Print per-iteration progress.

False

Returns:

Type Description
LLMConstrainedDAGResult

Examples:

>>> import statspai as sp
>>> def echo_oracle(vars_, desc):
...     return [('X', 'Y', 0.95), ('Z', 'X', 0.9)]
>>> r = sp.llm_dag_constrained(df, variables=['X', 'Y', 'Z'],
...                            oracle=echo_oracle, max_iter=3)
>>> r.summary()

llm_dag_validate

llm_dag_validate(dag, data: DataFrame, *, alpha: float = 0.05, ci_test: str = 'fisherz') -> DAGValidationResult

Per-edge CI-test validation of a declared DAG.

For every directed edge a -> b in dag, run a partial- correlation CI test of a ⟂ b | parents(b) \ {a}. Edges with p-value <= alpha are supported (the data did not provide evidence to remove them); edges with p-value > alpha are unsupported (the data is consistent with the conditional independence implied by removing the edge).

Parameters:

Name Type Description Default
dag statspai.dag.DAG or object exposing an ``edges`` attribute

Declared causal graph. Latent _L_* nodes are ignored.

required
data DataFrame
required
alpha float
0.05
ci_test 'fisherz'
'fisherz'

Returns:

Type Description
DAGValidationResult

get_llm_client

get_llm_client(*, client: Any = None, provider: Optional[str] = None, model: Optional[str] = None, api_key: Optional[str] = None, allow_interactive: bool = True, config_path=None, **kwargs: Any)

Resolve an :class:LLMClient via layered fallback.

See module docstring for the full resolution order.
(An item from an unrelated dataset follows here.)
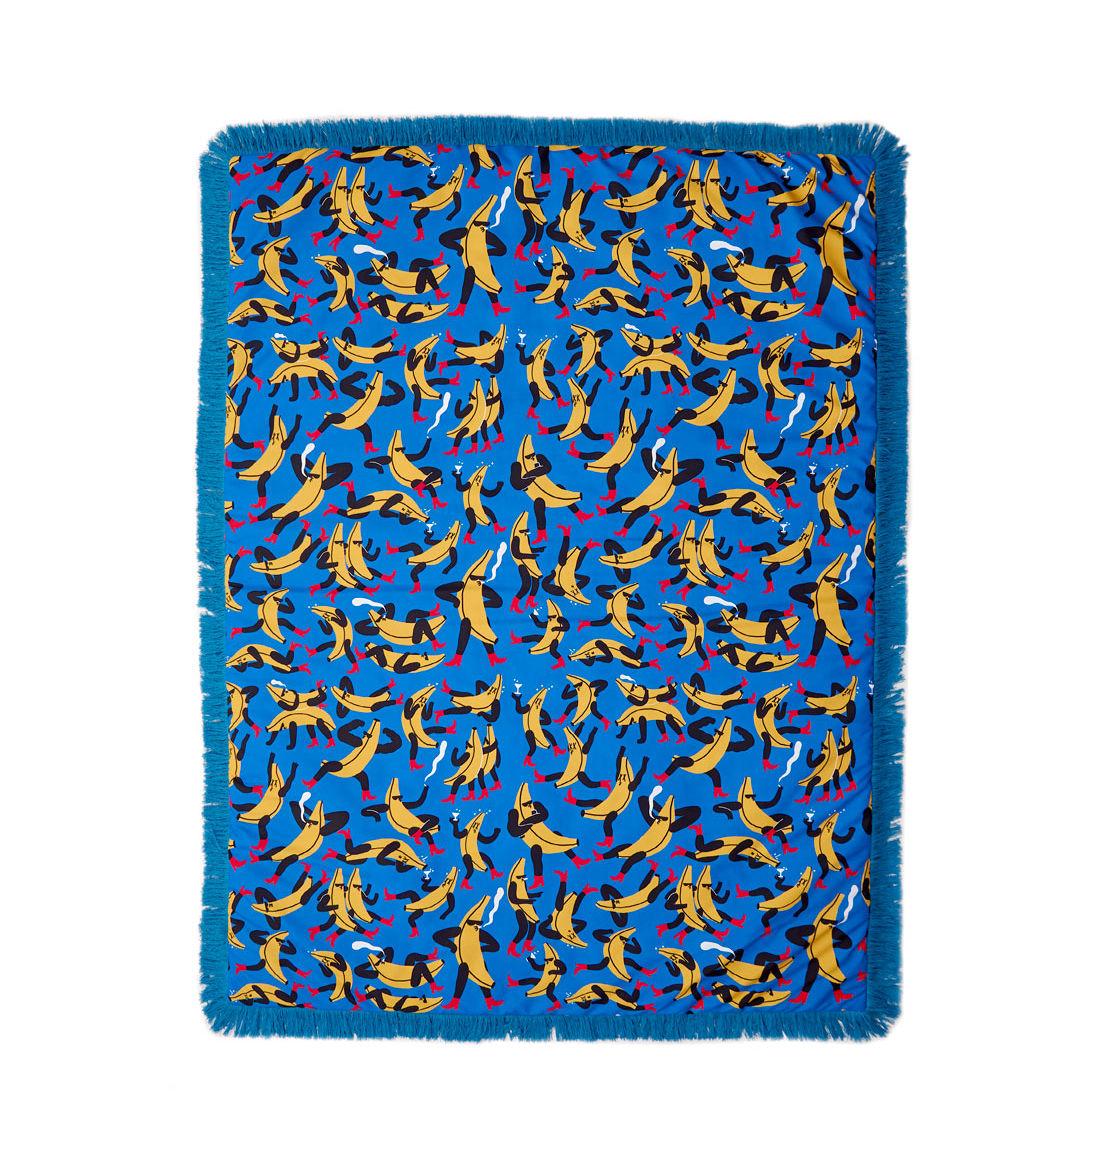 Déco - Textile - Plaid rembourré Tapame Mucho Large - Banana Guys / 180 x 140 cm - Sancal - Banana Guys / Bleu - Fausse fourrure, Fibre synthétique, Polyester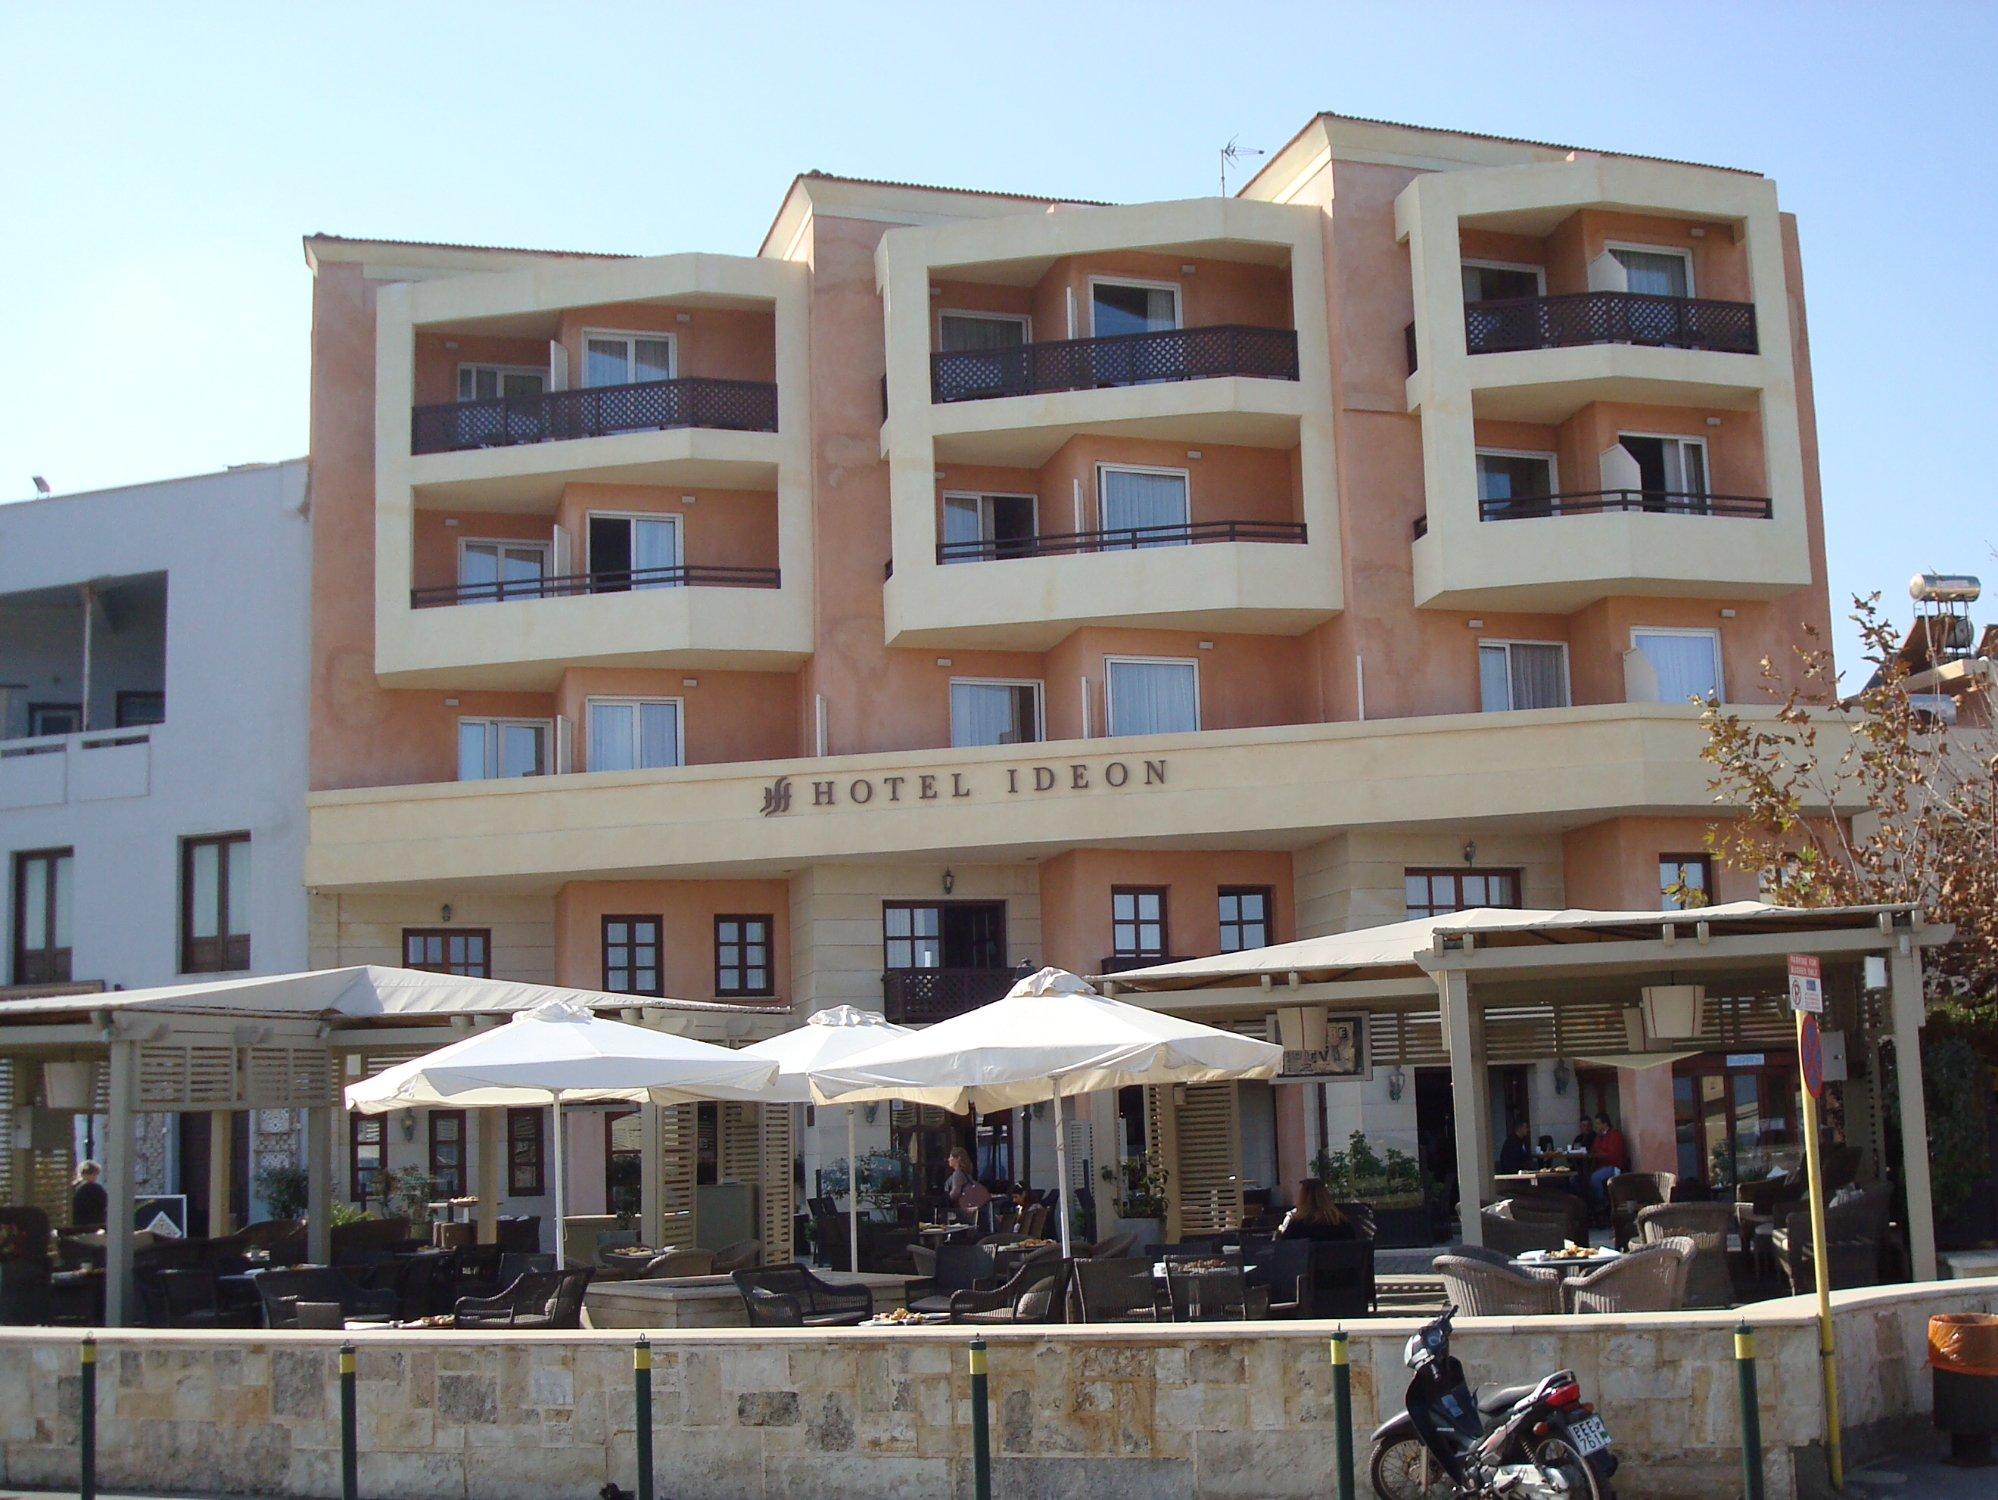 埃德翁飯店

Most users don't call this directly — it's plumbed into sp.paper(..., llm='auto') and the LLM-DAG closed-loop entry points so the typical workflow is "set env var, forget".

Parameters:

Name Type Description Default
client LLMClient

Already-built client. Returned as-is. (Layer 1.)

None
provider ('anthropic', 'openai')

Force a specific provider. (Layer 2.)

'anthropic'
model str

Force a specific model. Defaults to DEFAULT_MODELS[provider].

None
api_key str

Pass-through to the constructed client. When omitted, the provider SDK reads from its standard env var (ANTHROPIC_API_KEY / OPENAI_API_KEY).

None
allow_interactive bool

Whether to fall back to a stdin prompt when prior layers fail. Set to False in agent / Jupyter contexts where input() would hang the kernel.

True
config_path Path

Override the config file location (mainly for testing).

None
**kwargs Any

Forwarded to the provider's client constructor (e.g. temperature, max_tokens, thinking_budget for Anthropic, base_url for OpenAI).

{}

Raises:

Type Description
LLMConfigurationError

When no path resolves and either allow_interactive=False or stdin is not a TTY (so interactive can't run).

list_available_providers

list_available_providers() -> Dict[str, Dict[str, Any]]
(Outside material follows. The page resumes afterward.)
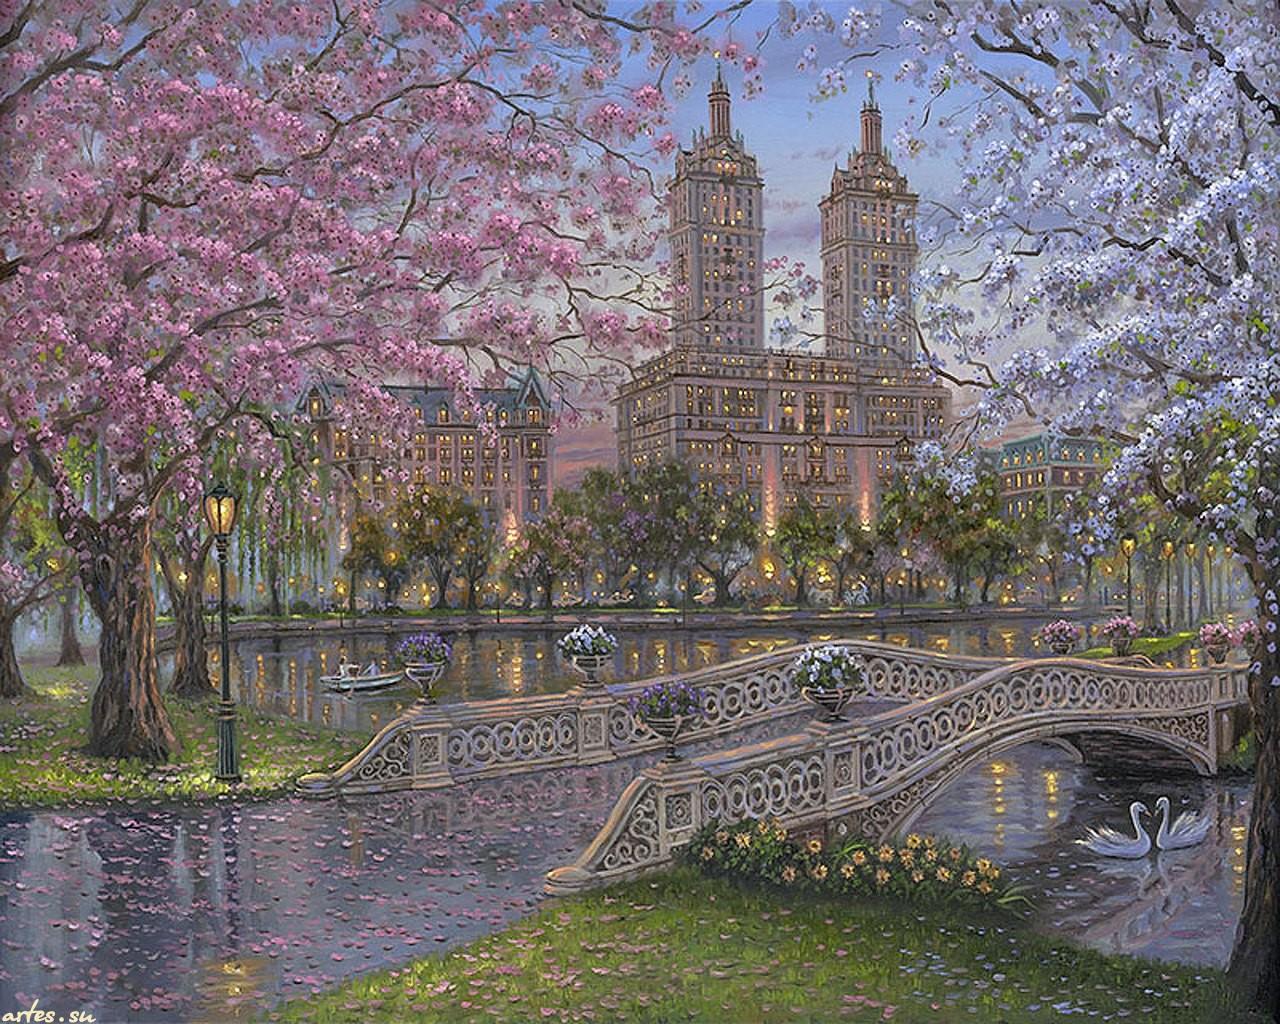 Скачать обои пейзаж весна в парке robert

Inspect the environment and return what's currently usable.

Returns:

Type Description
dict

{provider_name: {"available": bool, "default_model": str, "env_var": str}} for each known provider. Useful both for the interactive prompt and for tools that want to surface available LLMs to the user.

configure_llm

configure_llm(*, provider: Optional[str] = None, model: Optional[str] = None, config_path=None)

Persist a provider+model preference to ~/.config/statspai/llm.toml.
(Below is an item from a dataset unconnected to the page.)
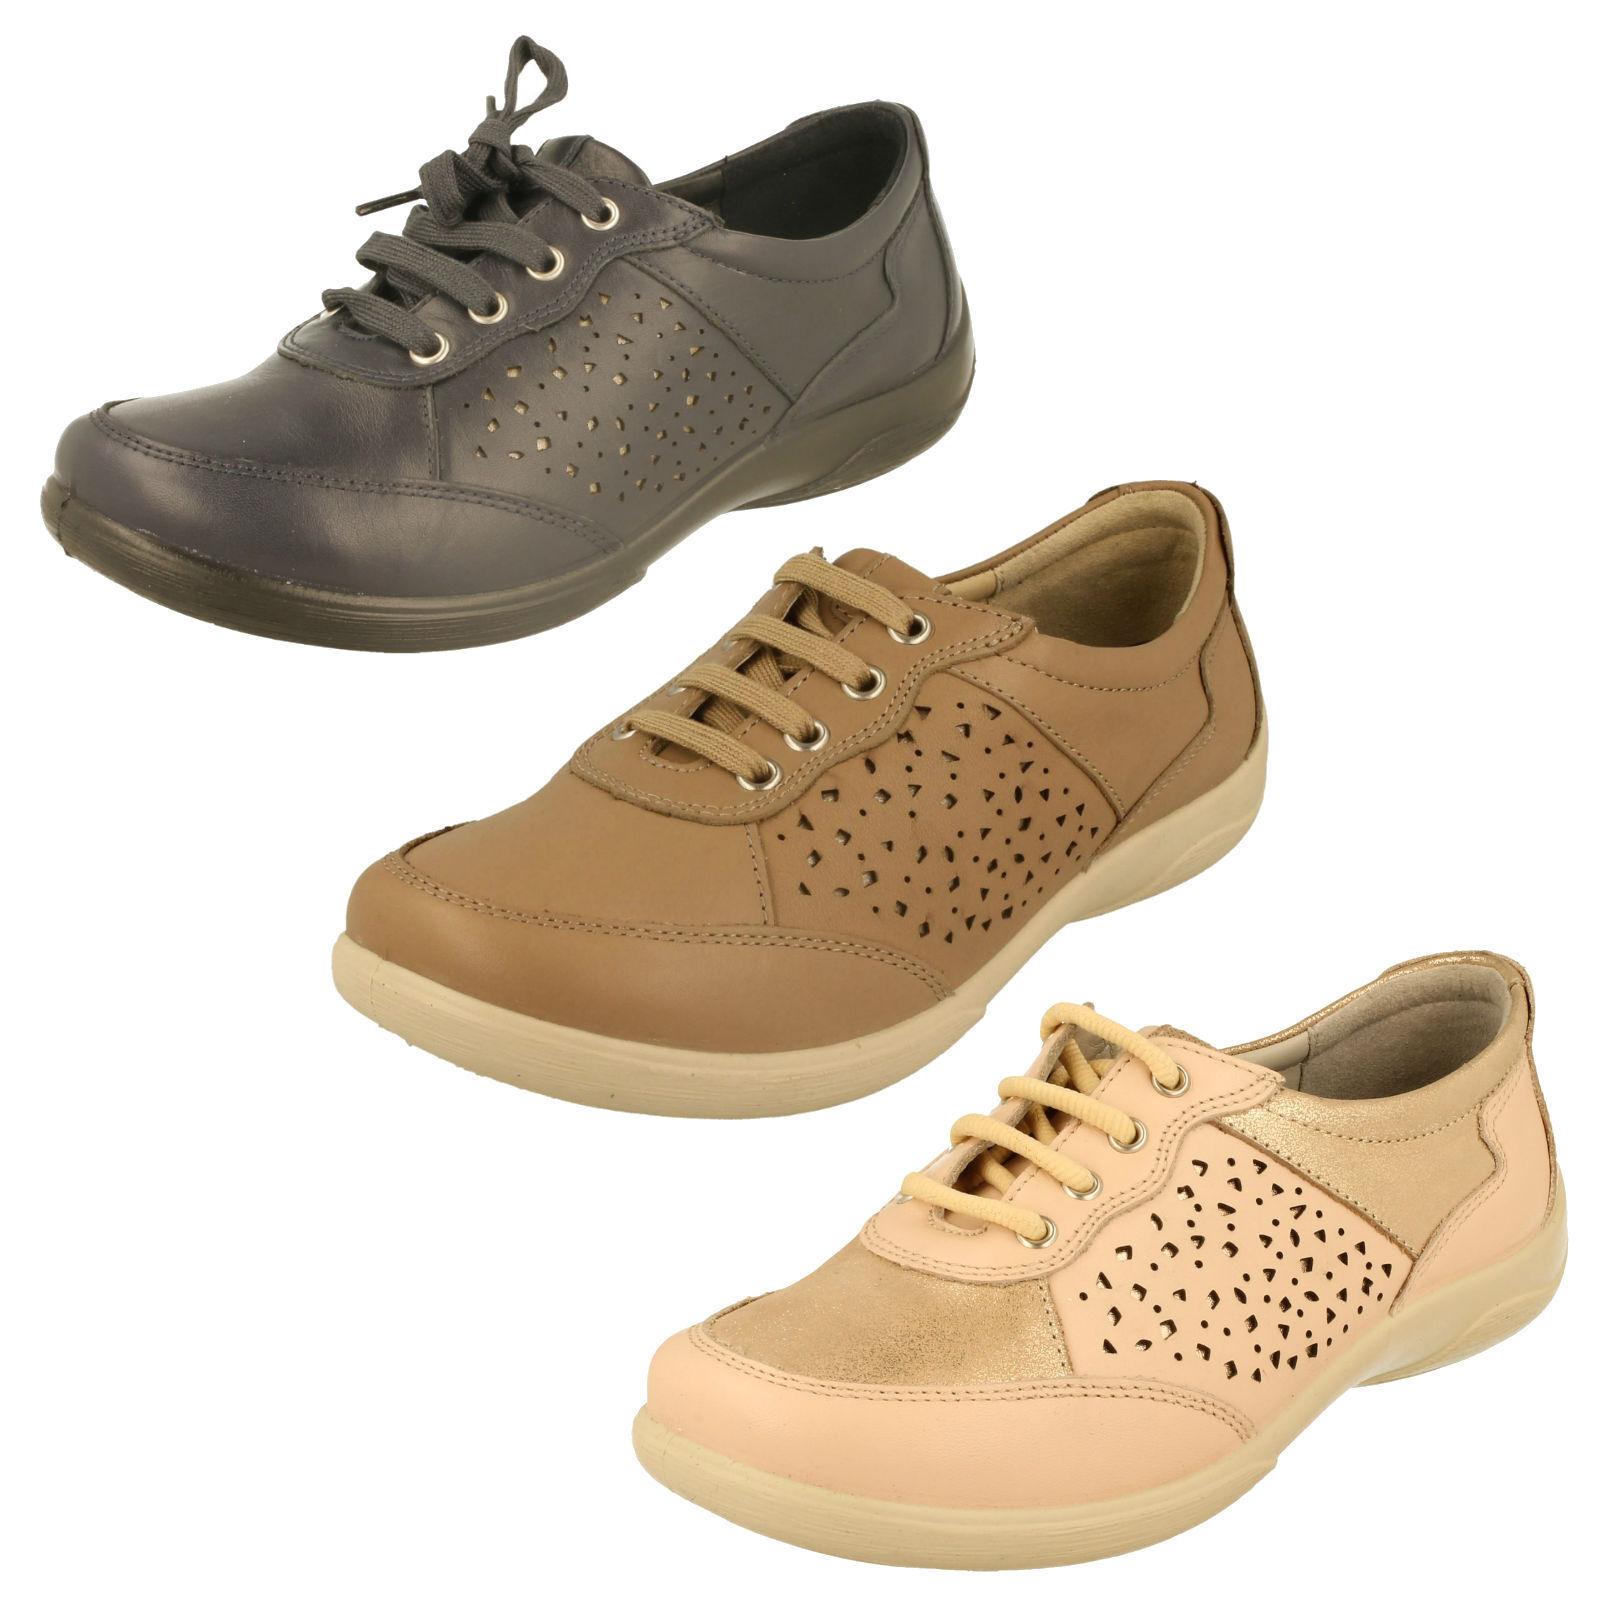 Damas Padders Con Cordones Zapatos-Arpa Zapatos-Arpa Zapatos-Arpa e2f23b

Use this for a "set once, forget" workflow when working on a machine with both ANTHROPIC_API_KEY and OPENAI_API_KEY set — without it, the resolver tie-breaks to Anthropic.

Examples:

>>> import statspai as sp
>>> sp.causal_llm.configure_llm(
...     provider="openai", model="gpt-4o",
... )

llm_config_path

llm_config_path() -> Path

Return the platform-appropriate config file path.

Honours XDG_CONFIG_HOME on Linux/macOS; falls back to ~/.config if unset. Windows uses %APPDATA%.

load_llm_config

load_llm_config(path: Optional[Path] = None) -> Dict[str, Any]

Read the TOML preferences file, or return an empty dict.

Never raises on missing / malformed file — returns {} so callers can fall through cleanly to the next resolution layer.